Bose’s joining in 2016 was seen as a major boost for the BJP, especially given Netaji’s popularity in West Bengal. That year, Bose fought and lost against Chief Minister Mamata Banerjee from Bhawanipore in the state election.

In 2019, he lost the Dakshin Kolkata parliamentary seat to Trinamool Congress’s Mala Roy. 

Ever since he was dropped from the BJP’s vice-presidential post in 2020, Bose has largely kept a low-profile. He didn’t get a ticket to fight the hotly-contested 2021 assembly election. 

In his letter, the leader said he had suggested a strategy after the BJP lost the election to the TMC but it was never put into effect.  

“I suggest BJP practices an inclusive ideology to embrace all communities and different strata of society. TMC’s appeasement politics cannot be countered by polarisation.

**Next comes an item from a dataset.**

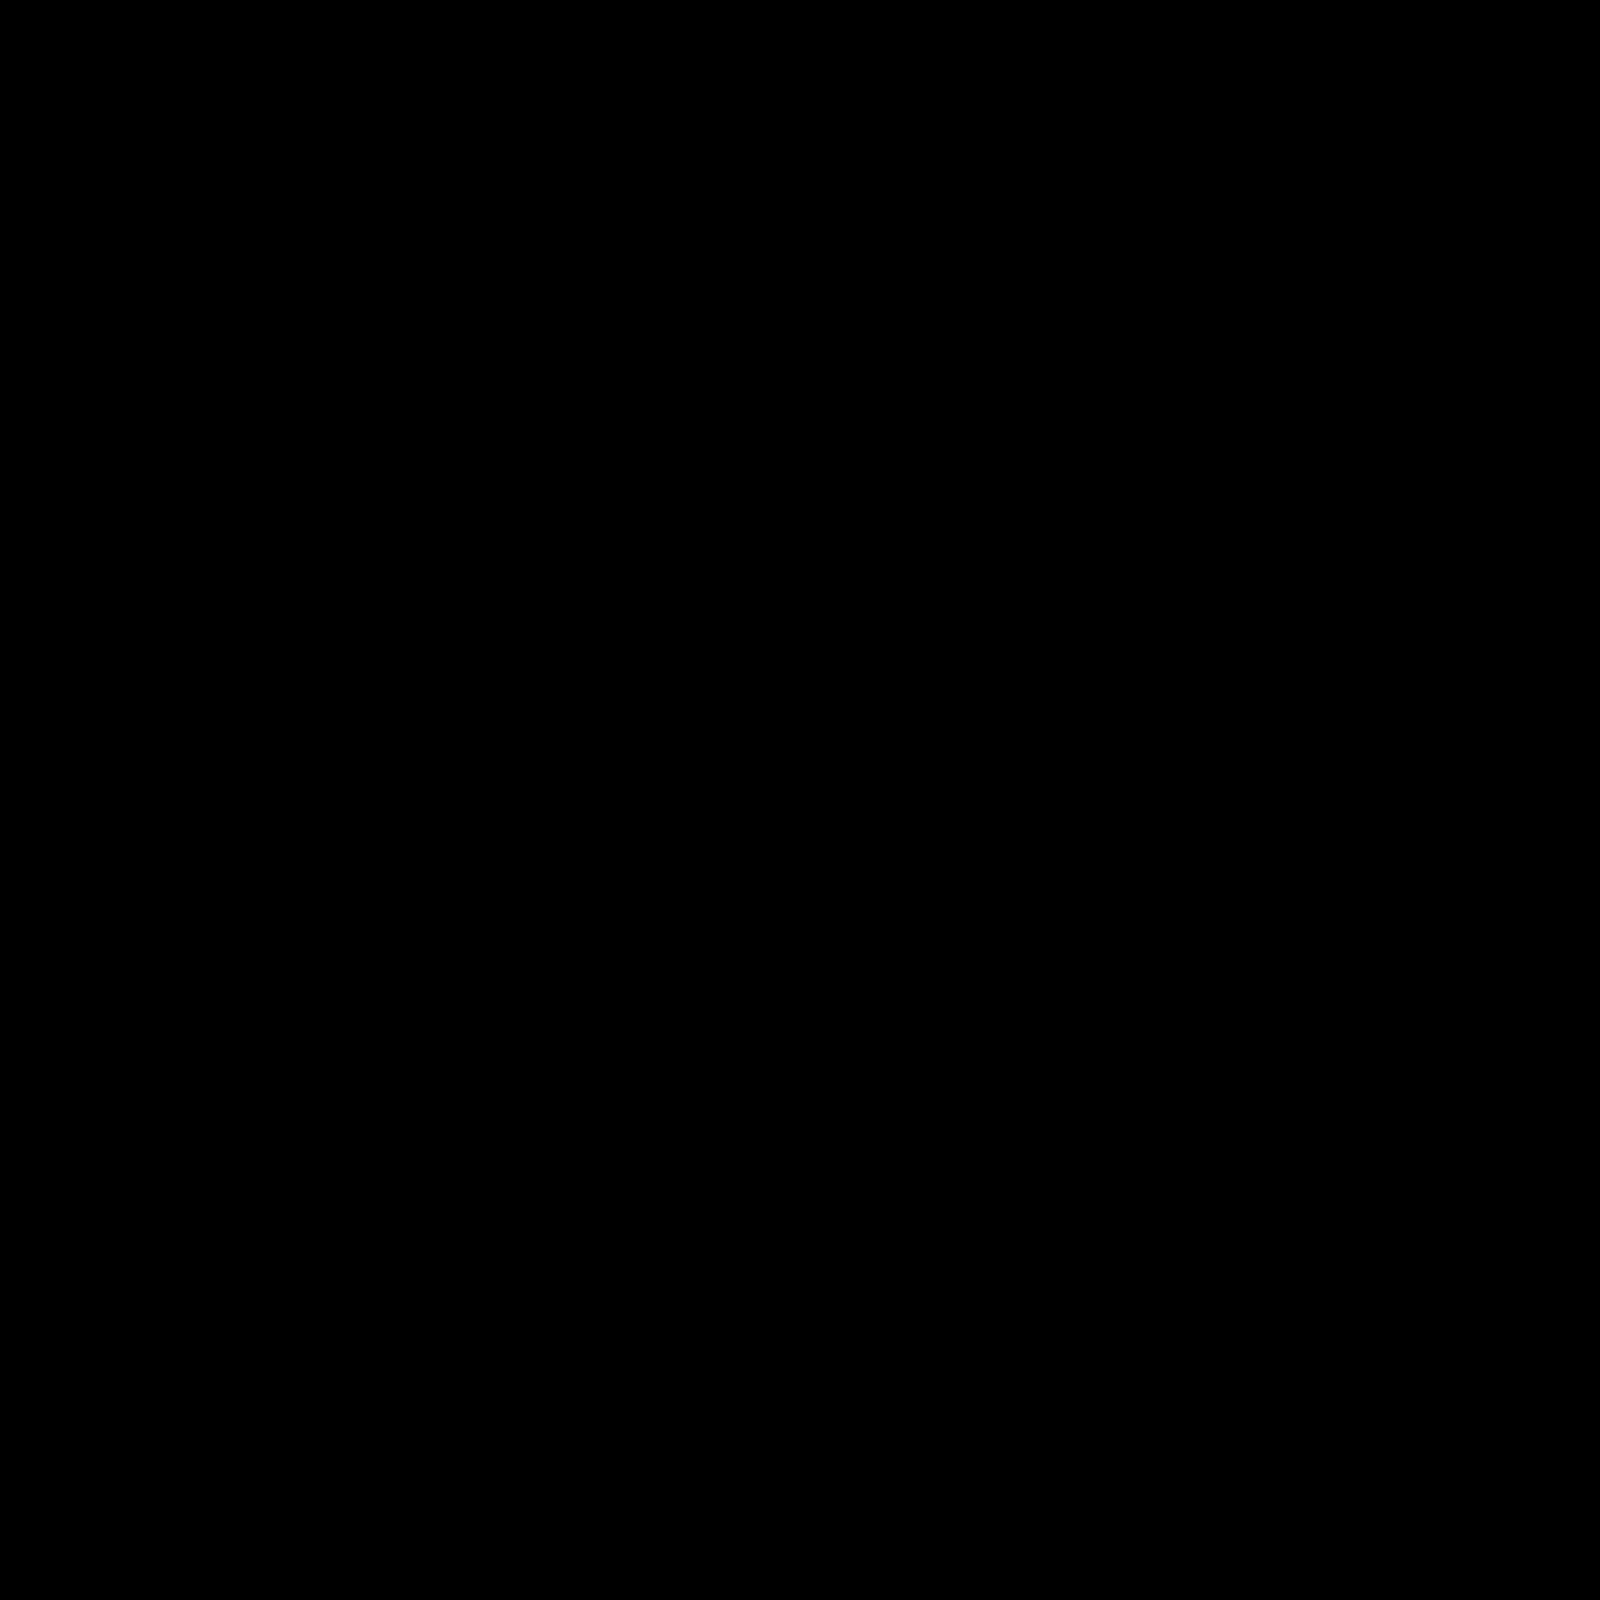 Таблетки icon

BJP must penetrate into the intellectual and middle class Bengali voters’ segment to achieve the desired result,” he wrote to the BJP president. 

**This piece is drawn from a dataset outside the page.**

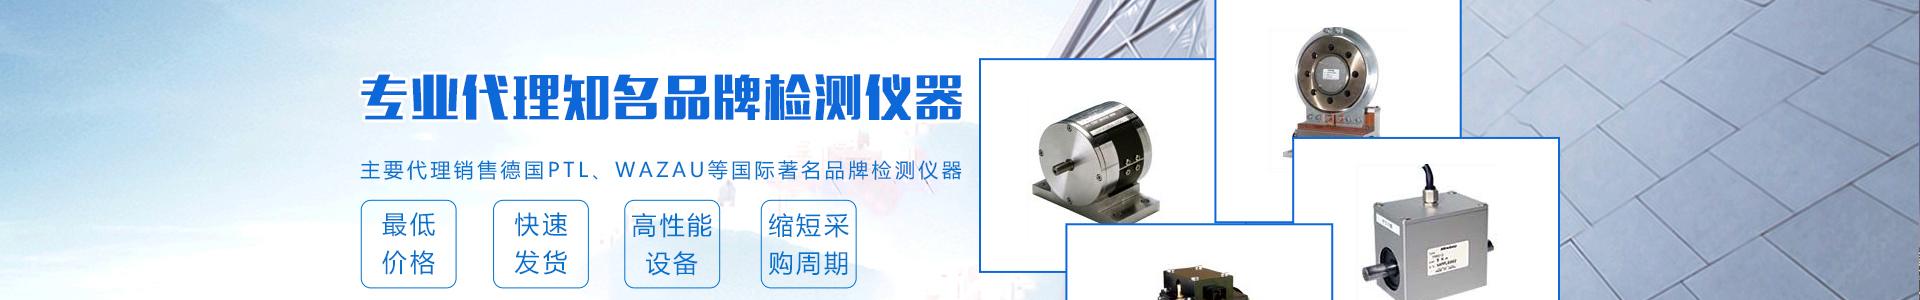 http://www.zhijian-china.com/data/upload/201912/20191223225403_481.jpg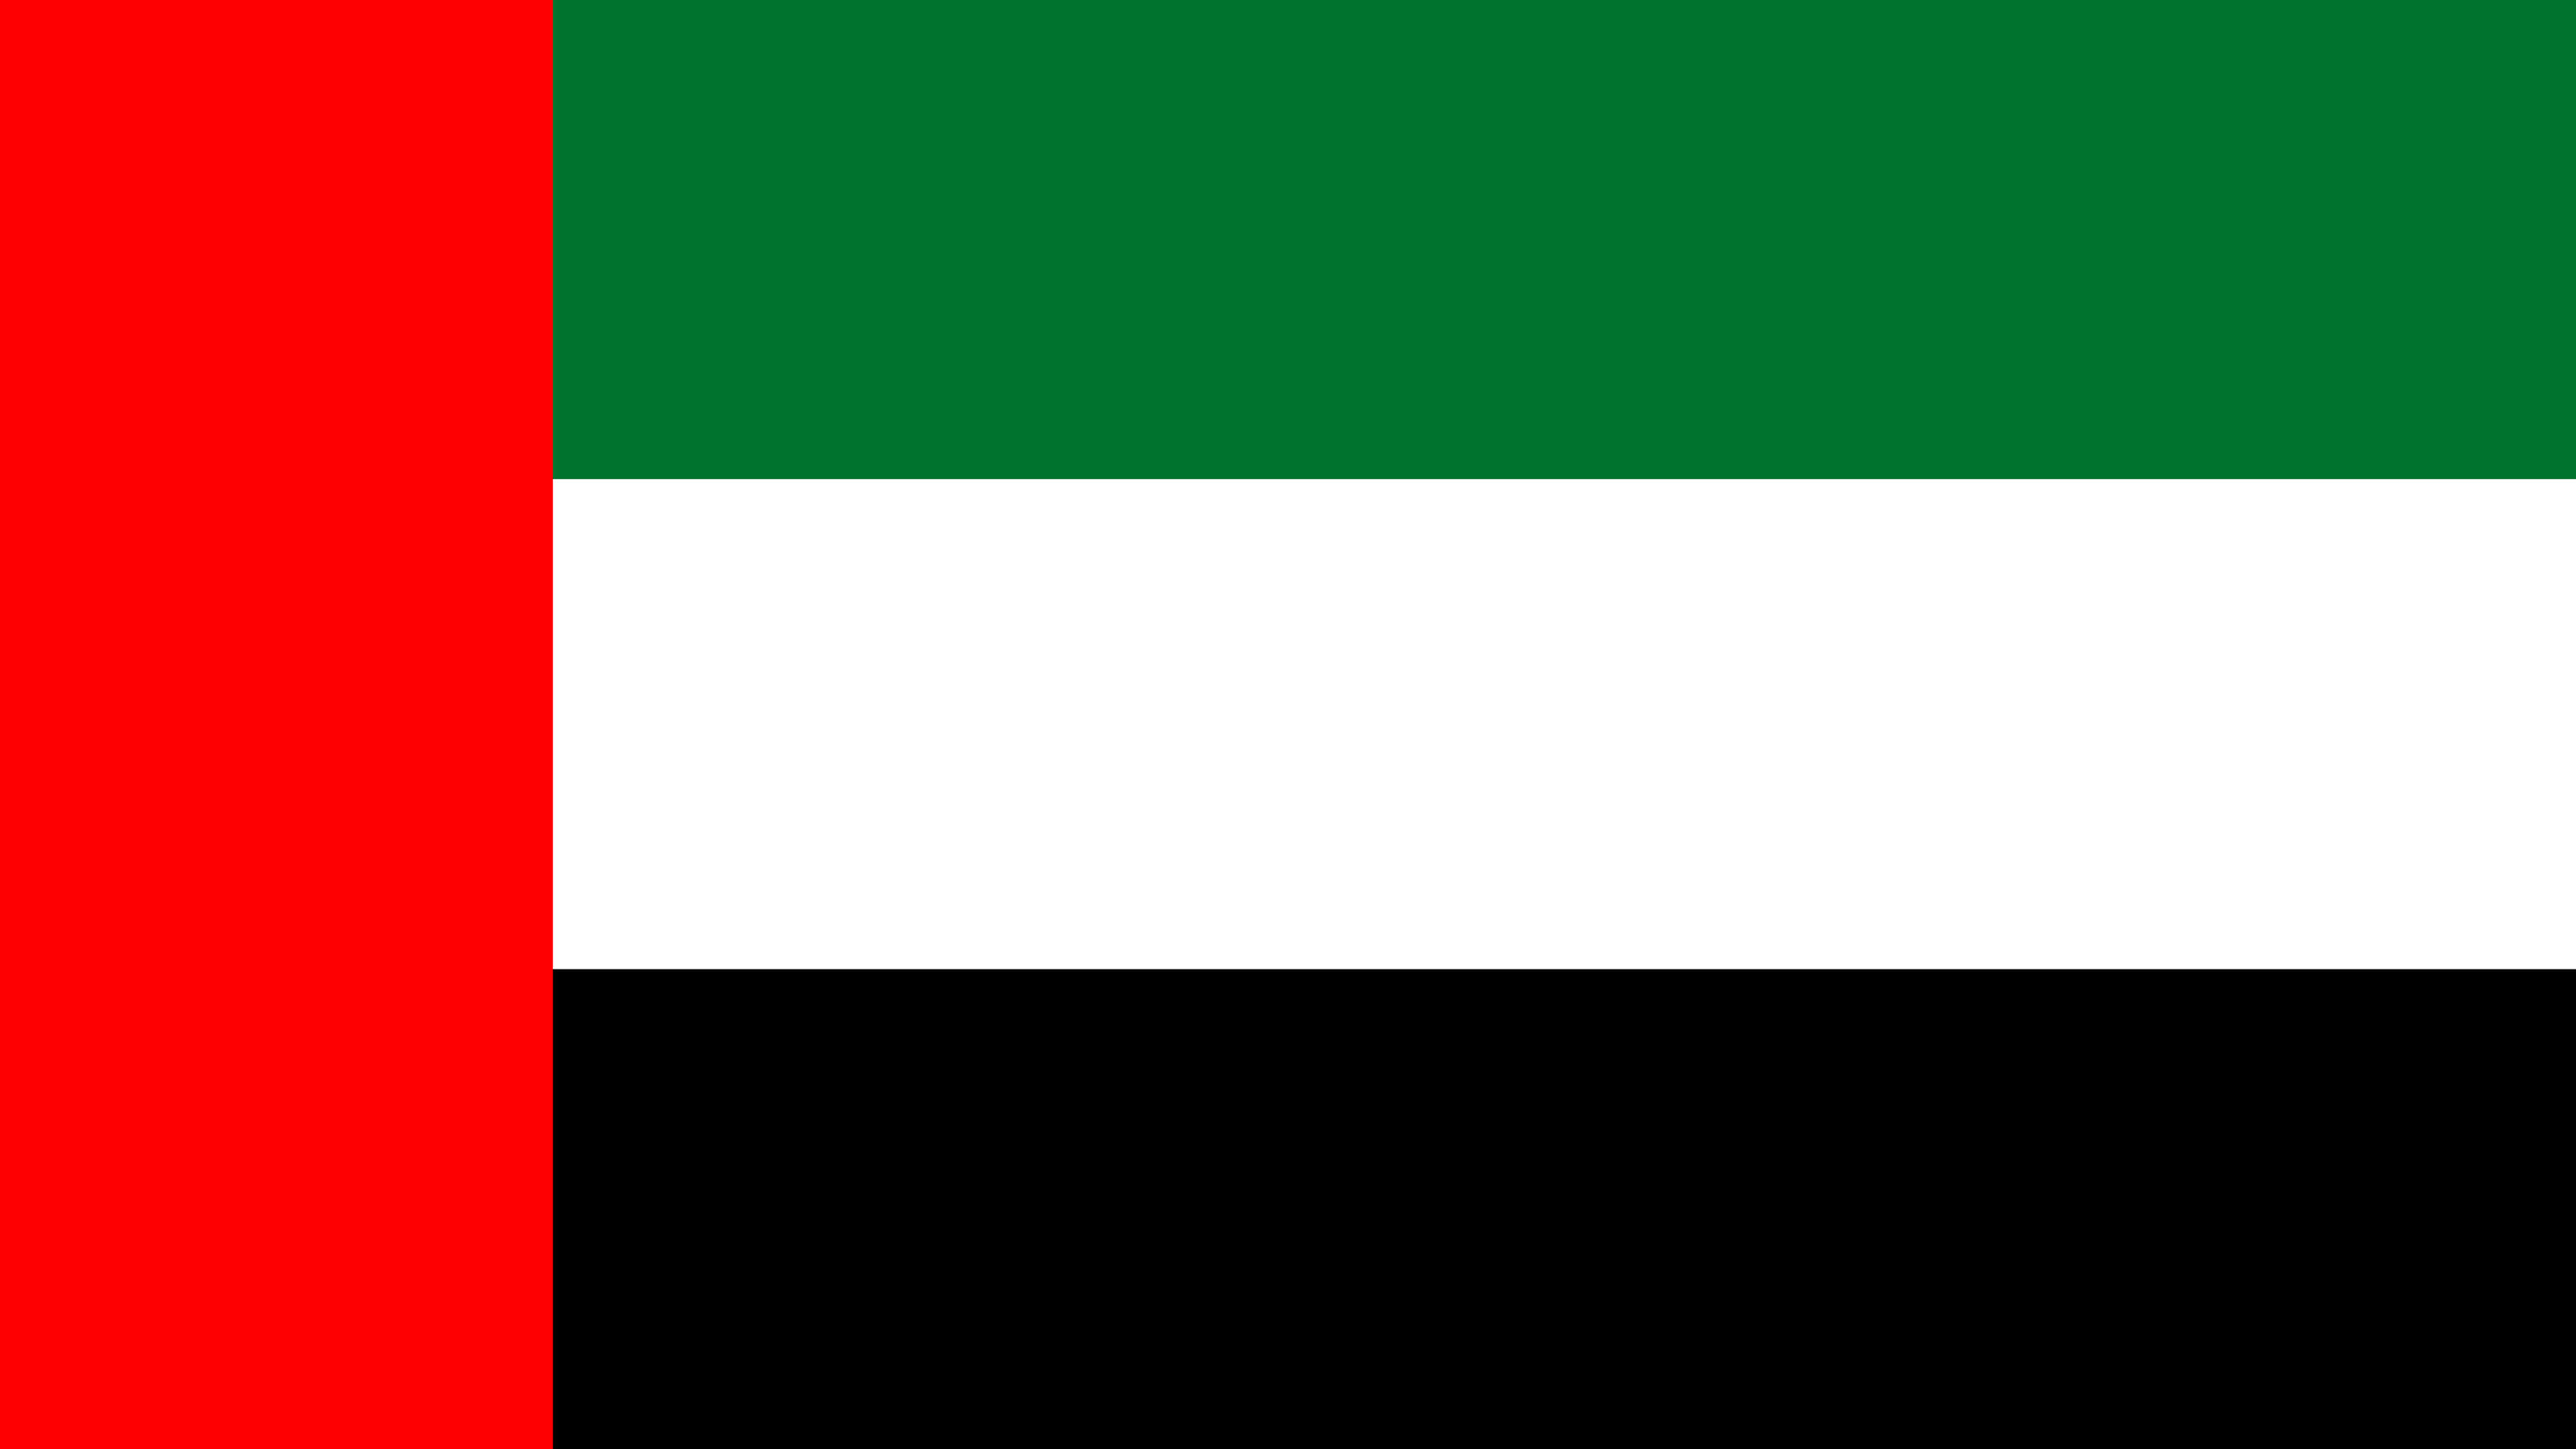 united arab emirates flag uhd 4k wallpaper

The BJP, he said, couldn’t win any assembly seat in and around Kolkata, “as we failed to feel the pulse of the people and gauge their attitude”. 

“In the assembly by-election, BJP could not even retain the security deposit in 3 seats and lost all the 4 seats by a huge margin.” 

Highlighting PM Modi’s “Sabka Saath, Sabka Vikas, Sabka Vishwas, Sabka Prayaas” tagline, Bose said the West Bengal BJP needs a “dignified, cultured and honest leader who would have universal acceptance among the Bengali and other communities”. 

“Such a leader confidently would motivate the existing leaders and karyakartas throughout the State, to increase the booth-level organisation for effective connectivity with the critical voters,” the letter said. 

He also suggested that the party should project a leader who could invoke the inclusive ideology of national icons like Swami Vivekananda, Netaji Subhas Chandra Bose, Syamaprasad Mookerjee, and Chittaranjan Das. 

As a solution, Bose said he had suggested a sector-wise “policy document”, specific to West Bengal, to be prepared stating the development projects that the BJP will initiate. But despite the efforts, he claimed, his suggestions remained on paper. 

Significantly, Bose has frequently praised West Bengal Chief Minister Mamata Banerjee — in an interview with The Statesman in July, for instance, he said the TMC supremo knew West Bengal well and understood the challenges the people in the state faced.  

Bose did not comment when ThePrint asked what he plans to do next.